Separately, following our annual review of SEHK’s performance in the regulation of listing matters, the report for 2010 was published last October. We noted that the operational procedures and decision-making processes used were appropriate to enable SEHK to discharge its statutory obligation – which is, to maintain an orderly, informed and fair market.
We keep the industry updated on latest regulatory developments and compliance concerns. During the year, we published four issues of the Takeovers Bulletin to provide updates and reminders to the industry on takeovers-related matters, such as, dealing disclosure obligations, the rulings of the Takeovers Panel and revised Practice Notes.
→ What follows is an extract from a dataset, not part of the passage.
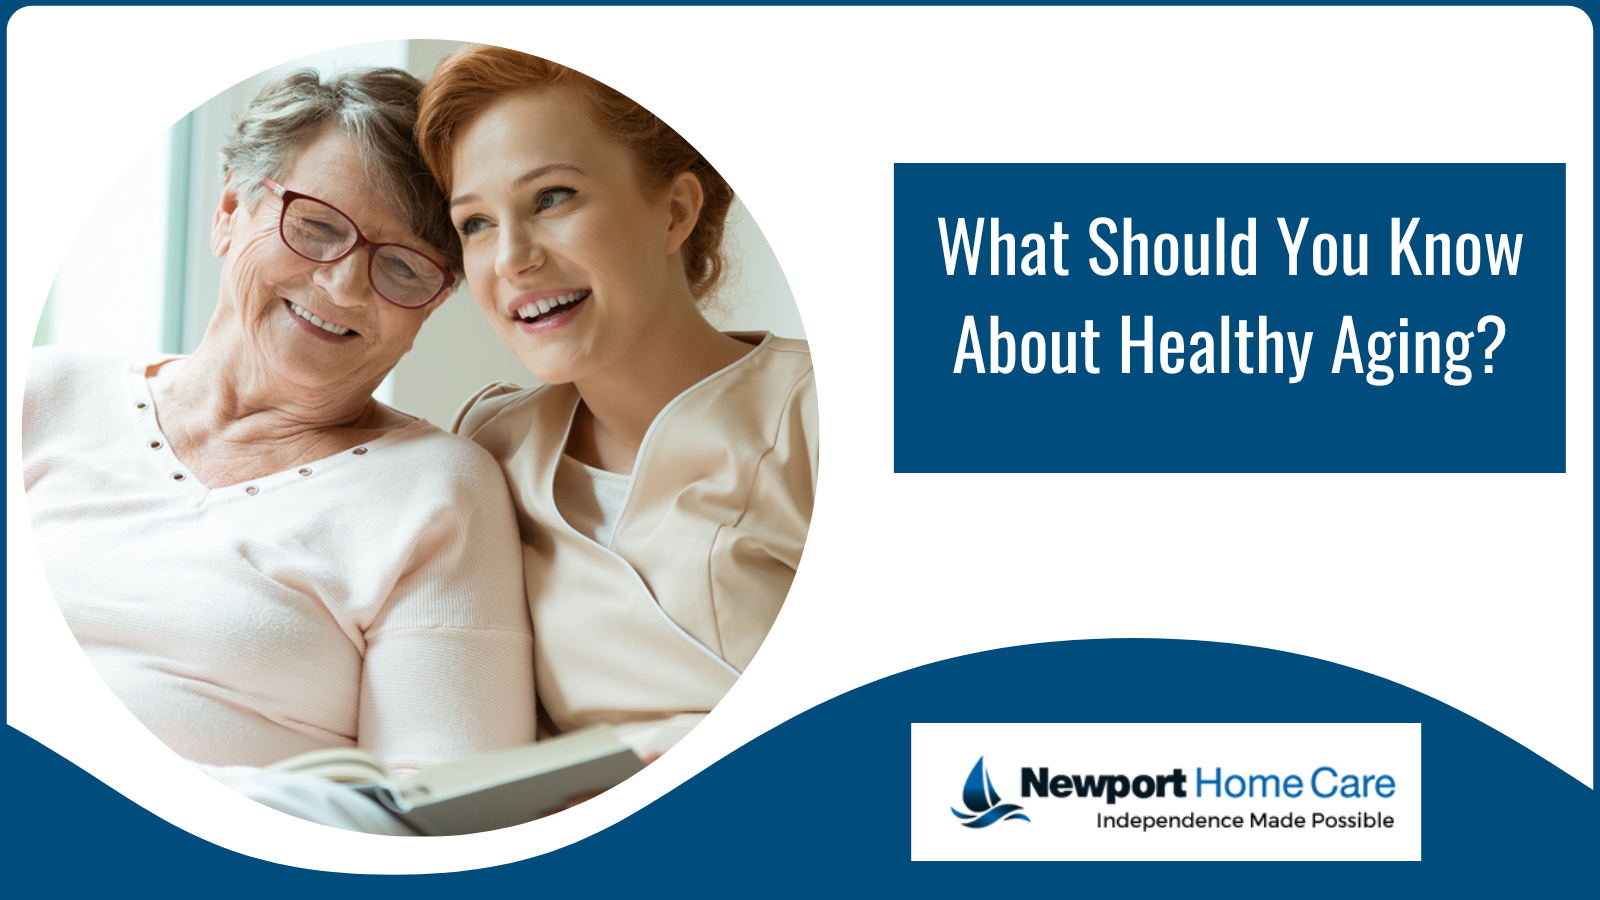 What Should You Know About Healthy Aging?

Meanwhile, through the Dual Filing Update, we reminded sponsors of their professional obligations to understand the applicants’ businesses and to ensure that all fundamental issues are properly addressed before submitting the listing applications.
1The requirements are those stated in the Code of Conduct for Persons Licensed by or Registered with the Securities and Futures Commission and the Corporate Finance Adviser Code of Conduct governing research analysts.
2Part of the Codes on Takeovers and Mergers and Share Repurchases
3Qualified Property Acquisitions refer to acquisitions of government land by listed property developers through public auctions or tenders in Hong Kong and, upon the new rules becoming effective, the Mainland.
4The Takeovers Executive refers to the Executive Director of the Corporate Finance Division of the SFC or any delegates of the Executive Director.